Thursday, July 10, 2008

Tool of The Man

I got sucked into a rather contentious argument earlier this week on the common practice of name-changes at marriage -- more specifically, when women change their surname to be the same as their husband's when they marry. Not everyone does, of course, but the social convention for a long time in the US has been for the woman to adopt her new husband's last name. For a long time, it wasn't really an option to not do this, which is probably what set a few people off.

I had a ramble about this very topic back in January - about how it really is rather unfair that a woman changing their name at marriage is a no-brainer, while any other combination of things requires far more effort. Apparently, the discussion is still going on!

A question came up about "what name do your kids have, if you and your husband kept your last names?" and suddenly the initially polite conversation became one of "if you even consider changing your name, as a wife, then you are perpetuating a horribly and damaging sexist policy of the "Establishment" and patriarchal ownership and you should be ashamed!" from a couple of posters.

Wha?
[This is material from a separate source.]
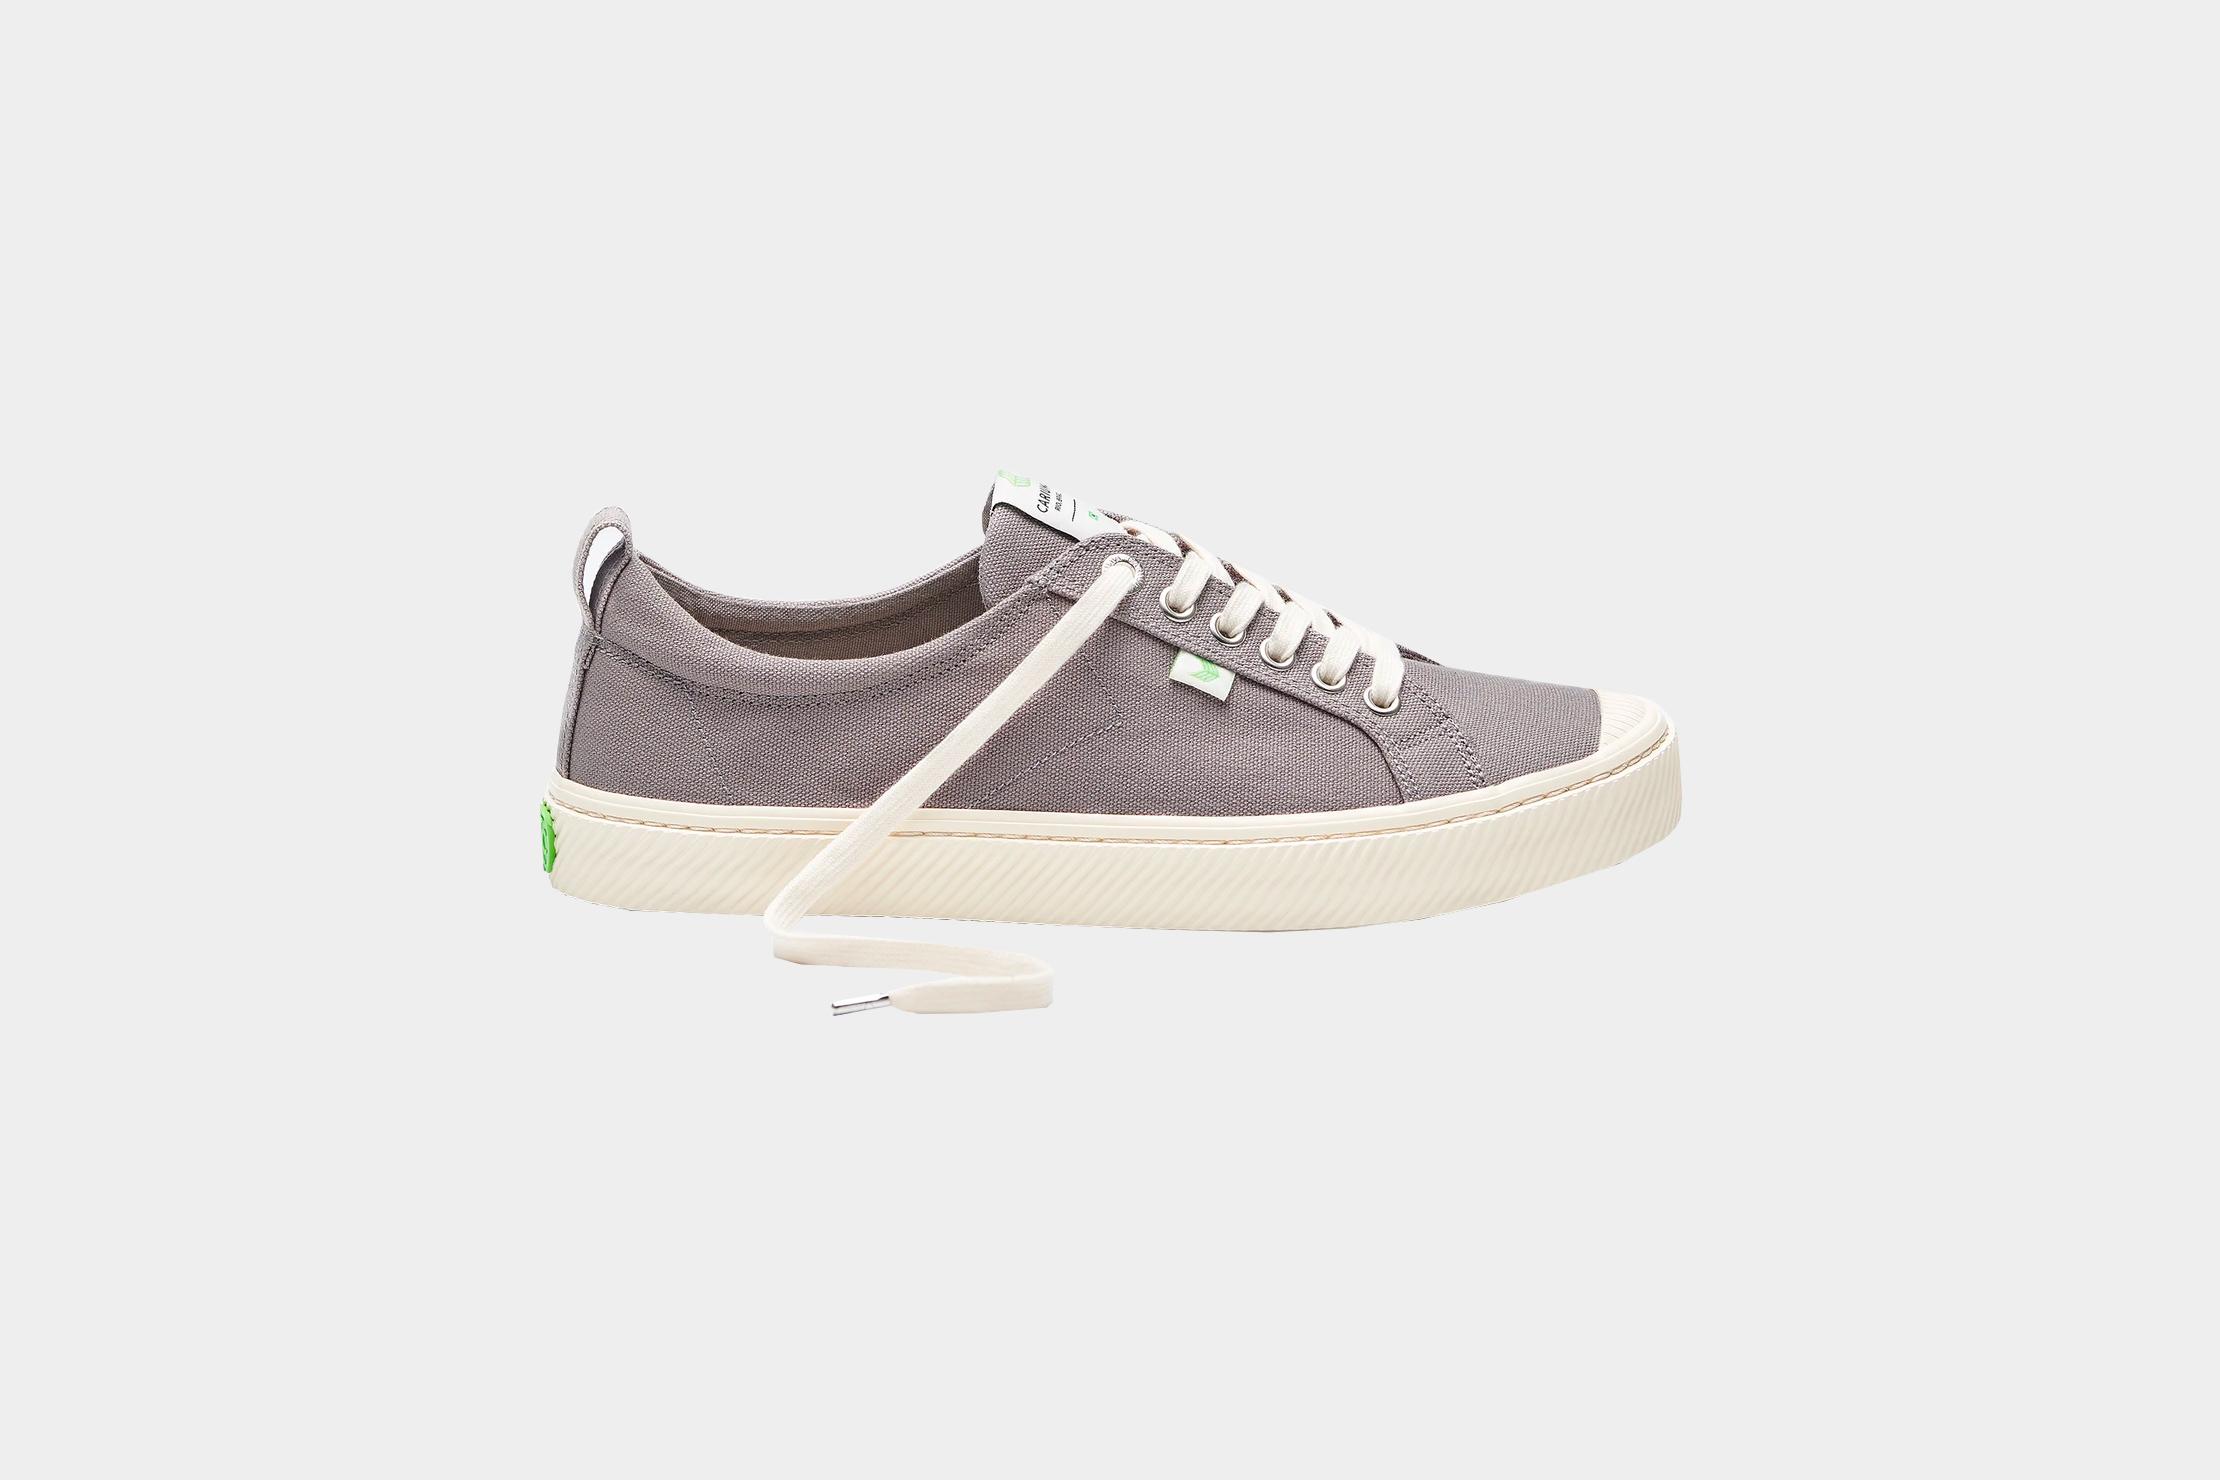 Cariuma OCA Low Shoes Review   Pack Hacker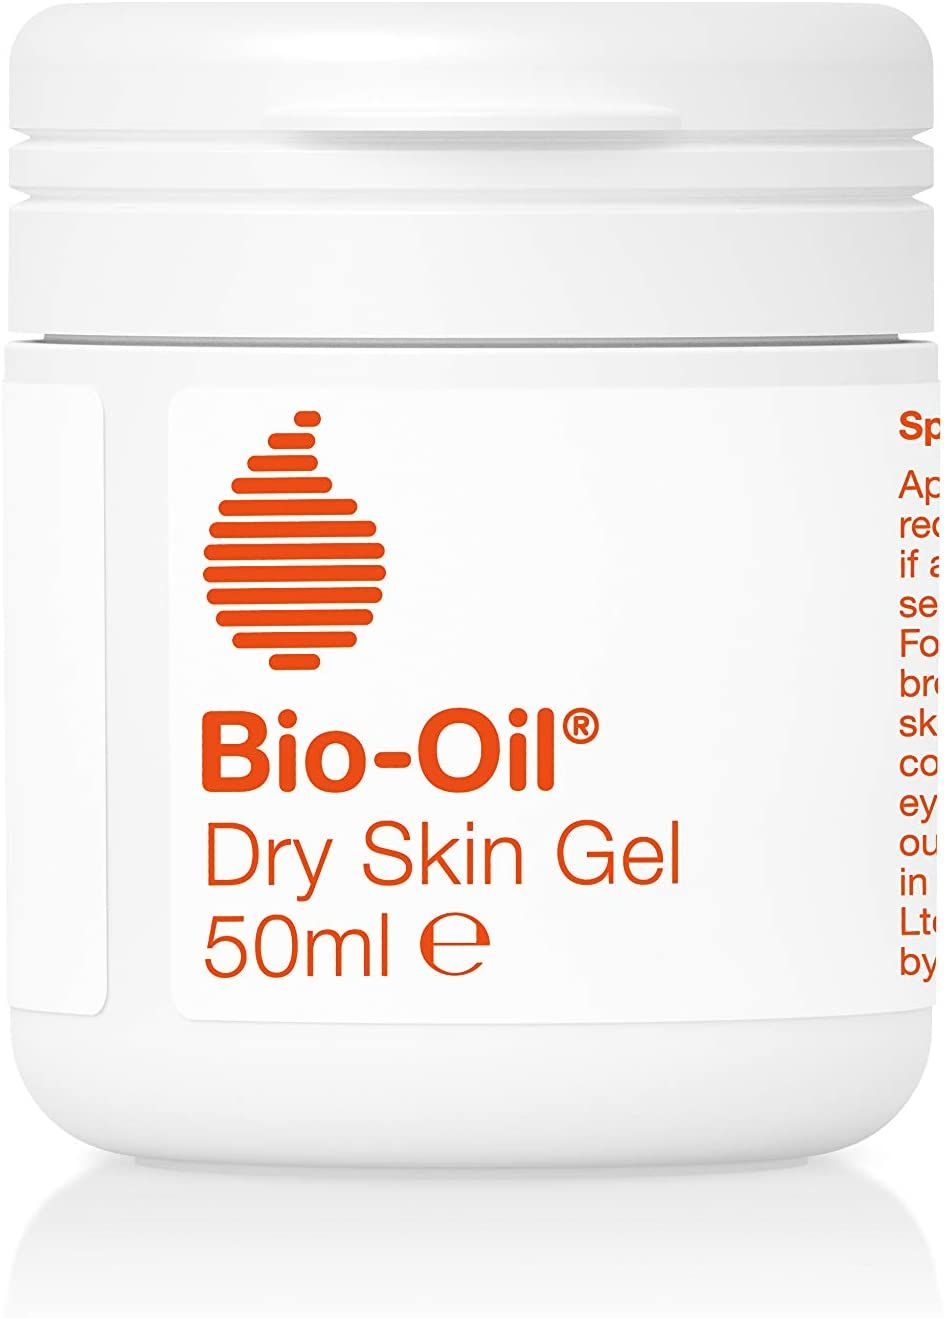 Bio Oil 干性皮肤凝胶 亚马逊中国 个护健康 Skin Gel Bio Oil Gel

Apparently, the only reason (according to one of the arguers) that married couples might share a last name is to perpetuate and support a historical context of female subservience. We wouldn't even be thinking about it nowadays, if the tradition hadn't been instituted to enforce a husband's "ownership" of his wife. She had to take his name, so everyone would know to whom she belonged.

If you change your name, then you obviously fully accept and buy into this concept. There is no other option. By sharing a last name with your spouse, you accept that women are subservient and that is ok.

Uh., sorry. No.

And - even better, this logic is just painful -- if you don't change your name, you are also just recognizing the de-facto social oppression of women, by not going along with it. Same for suggesting that the husband change his name.

Well, which is it? Changing your name is supporting oppression, or not changing your name is supporting oppression? Add in a soupcon of patronizing and insulting commentary about "how it's really hard for some people to buck conventions, tsk tsk", and it erupted into a kerfuffle.

I didn't realize that by wanting to have a common surname, and making the explicit decision to change my name, that I was suddenly assumed to have condoned, nay, supported, the historic denigration of women throughout history. Wow. Because what I call myself, what name I have, is obviously of such world-rocking importance that I need to carefully weight my impact on society.

As I noted before, it important to me that a married couple (me, again) have the same last name. Kind of a "unit" thing, presenting a unified front to the world. I don't expect anyone else to do this, but I must admit that I prefer it to the bothersome proliferating hyphens. People aren't any more or less "married" based on name, but I like the symmetry. This is apparently righteously offensive to the self-identified feminists on the discussion board.

Sure, it's frustrating that women who don't change their names are still faced with criticism from some people. Maybe you need a bit more documentation of your relationship in certain circumstances (for example, travelling with a child who does not share your name in this new TSA regime), but no one really pays that much attention anymore.

Unless everyone makes up a new name, there would be no way to make this person happy about naming choices, though. My surname was passed to me by my father, so it's no more "my name" and out from under the thumb of the patriarchy than my husband's name. Keeping my maiden name would not be any different than choosing to adopt the surname of my married family.

I'm actually all for making up new names. It could be fun. It would freak out the geneaologists to no end, but it could be fun trying to figure out who everyone was and who they were related to. "Hi, my name is John Snufflebooger and this is my wife Jane Gugglewhump, my son Jack Moof and my two daughters, Jill Zappa-Tweet and Jillian Smythe"

Can you imagine the name-tags?

2 comments:

Anonymous said...

I have to show documentation that Sunny and Ace are my kids since we have different last names? Hm, maybe I should be sure to put their middle names on our travel documents. Good grief.

You are right, though. Feminists, anti-feminists, and those in the middle sure get passionate about issues like this (yes, I include myself!). Everyone else is WRONG and they (whichever group) is RIGHT. Kinda entertaining to watch when you can step back a bit as you have done.

Anonymous said...

I agree with both of you. I had the choice to change my name or not, way back in 1960. I decided to change my name in honor of changing my life so dramatically. The new name did not have the unhappy memories from my previous life. A completely new life accompanied by a new name! It was self-affirming to me.